Doué d'un coup d'œil plein de pénétration et de justesse, qui s'exerçait autour de lui sur une cour spirituelle et brillante où la nature et l'art avaient singulièrement varié les physionomies, LA ROCHEFOUCAULD, par le talent de définir et de peindre, se plaça au rang des écrivains illustres du XVIIe siècle. D'abord homme d'intrigue et de guerre, pendant les désordres de la régence d'Anne d'Autriche, il finit par être sous l'autorité de Louis XIV, qui lui pardonna son humeur turbulente, un observateur calme et impartial. Il raconta, dans ses Mémoires attachants, ce qu'il avait vu, et fit paraître, sous le nom de Sentences ou Maximes morales, les réflexions qu'il avait eu le loisir de faire et qui annoncent, par malheur, un esprit et un temps trop préoccupés de l'intérêt et de l'amour-propre. En blâmant très souvent le fond de ses idées, on ne peut qu'en louer la forme, puisqu'il offre un des plus parfaits modèles d'une concision vive et piquante. Il excelle, ce qui est le caractère des maîtres, à ne montrer qu'à moitié sa pensée, pour donner au lecteur le plaisir d'une sorte de découverte; il provoque les esprits à s'éveiller et à s'exercer, en leur faisant deviner beaucoup au delà de ce que semblent exprimer ses paroles.
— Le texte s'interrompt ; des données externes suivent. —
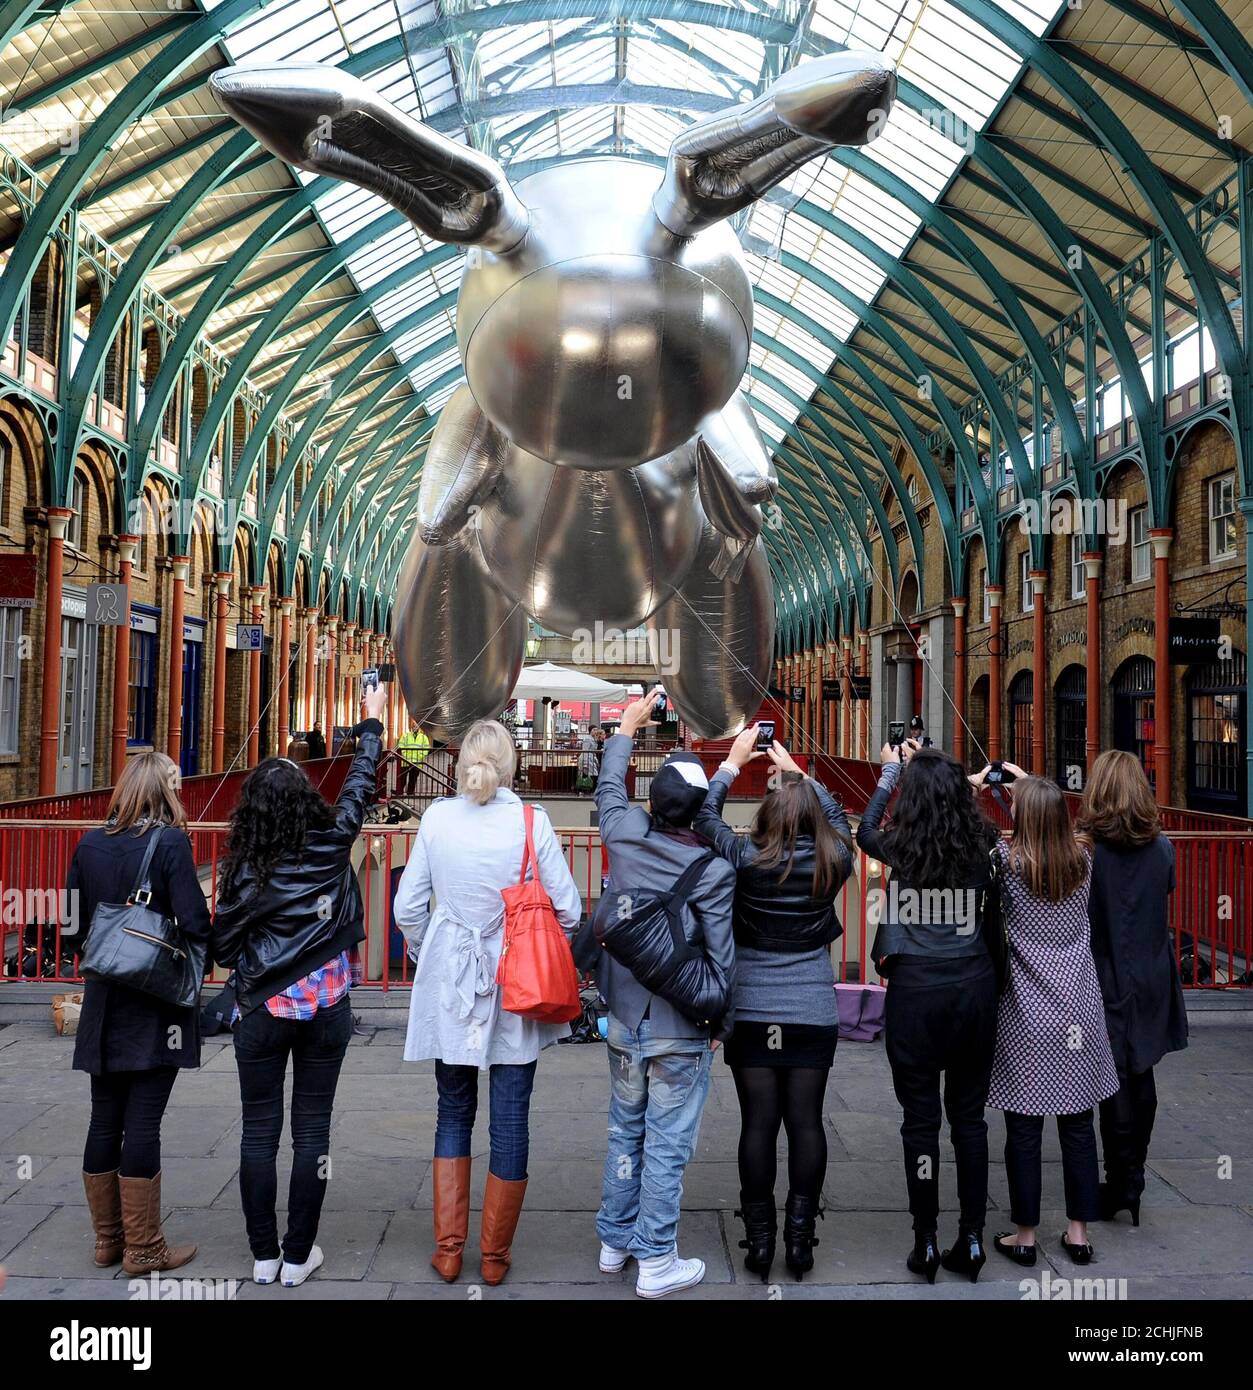 Artist Jeff Koons' giant 53 foot rabbit balloon is exhibited in Covent Garden Market to publicise Pop Life: Art in a Material World at Tate Modern, London. Stock Photo

DE LA DIFFÉRENCE DES ESPRITS.

Bien que toutes les qualités de l'esprit se puissent rencontrer dans un grand génie, il y en a néanmoins qui lui sont propres et particulières: ses lumières n'ont point de bornes, il agit toujours également et avec la même activité; il discerne les cbjets éloignés comme s'ils étaient présents; il comprend, il imagine les plus grandes choses; il voit et connaît les plus petites; ses pensées sont relevées, étendues, justes et intelligibles: rien n'échappe à sa pénétration, et elle lui fait souvent découvrir la vérité au travers des obscurités qui la cachent

aux autres.

Un bel esprit pense toujours noblement: il produit avec facilité les choses claires, agréables et naturelles; il les fait voir dans leur plus beau jour, et il les pare de tous les ornements qui leur conviennent: il entre dans le goût des autres, et retranche de ses pensées ce qui est inutile ou ce qui peut déplaire.

Un esprit adroit, facile, insinuant, sait éviter et surmonter les difficultés: il se plie aisément à ce qu'il veut; il sait connaître l'esprit et l'humeur de ceux avec qui il traite; et, en ménageant leurs intérêts, il avance et il établit les siens.

Un bon esprit voit toutes choses comme elles doivent être vues: il leur donne le prix qu'elles méritent; il les fait tourner du côté qui est le plus avantageux, et il s'attache avec fermeté à ses pensées, parce qu'il en connaît toute la force et toute la raison.

Il y a de la différence entre un esprit utile et un esprit d'affaires on peut entendre les affaires, sans s'appliquer à son intérêt particulier; il y a des gens habiles dans tout ce qui ne les regarde pas, et très malhabiles dans tout ce qui les regarde; et il y en a d'autres, au contraire, qui ont une habileté bornée à ce qui les touche, et qui savent trouver leur avantage en toutes choses.

On peut avoir tout ensemble un air sérieux dans l'esprit, et dire souvent des choses agréables et enjouées. Cette sorte d'esprit convient à toutes personnes et à tous les âges de la vie. Les jeunes gens ont d'ordinaire l'esprit enjoué et moqueur, sans avoir l'air sérieux, et c'est ce qui les rend souvent incommodes.

Rien n'est plus malaisé à soutenir que le dessein d'être toujours plaisant; et les applaudissements qu'on reçoit quelquefois, en divertissant les autres, ne valent pas que l'on s'expose à la honte de les ennuyer souvent quand ils sont de méchante humeur.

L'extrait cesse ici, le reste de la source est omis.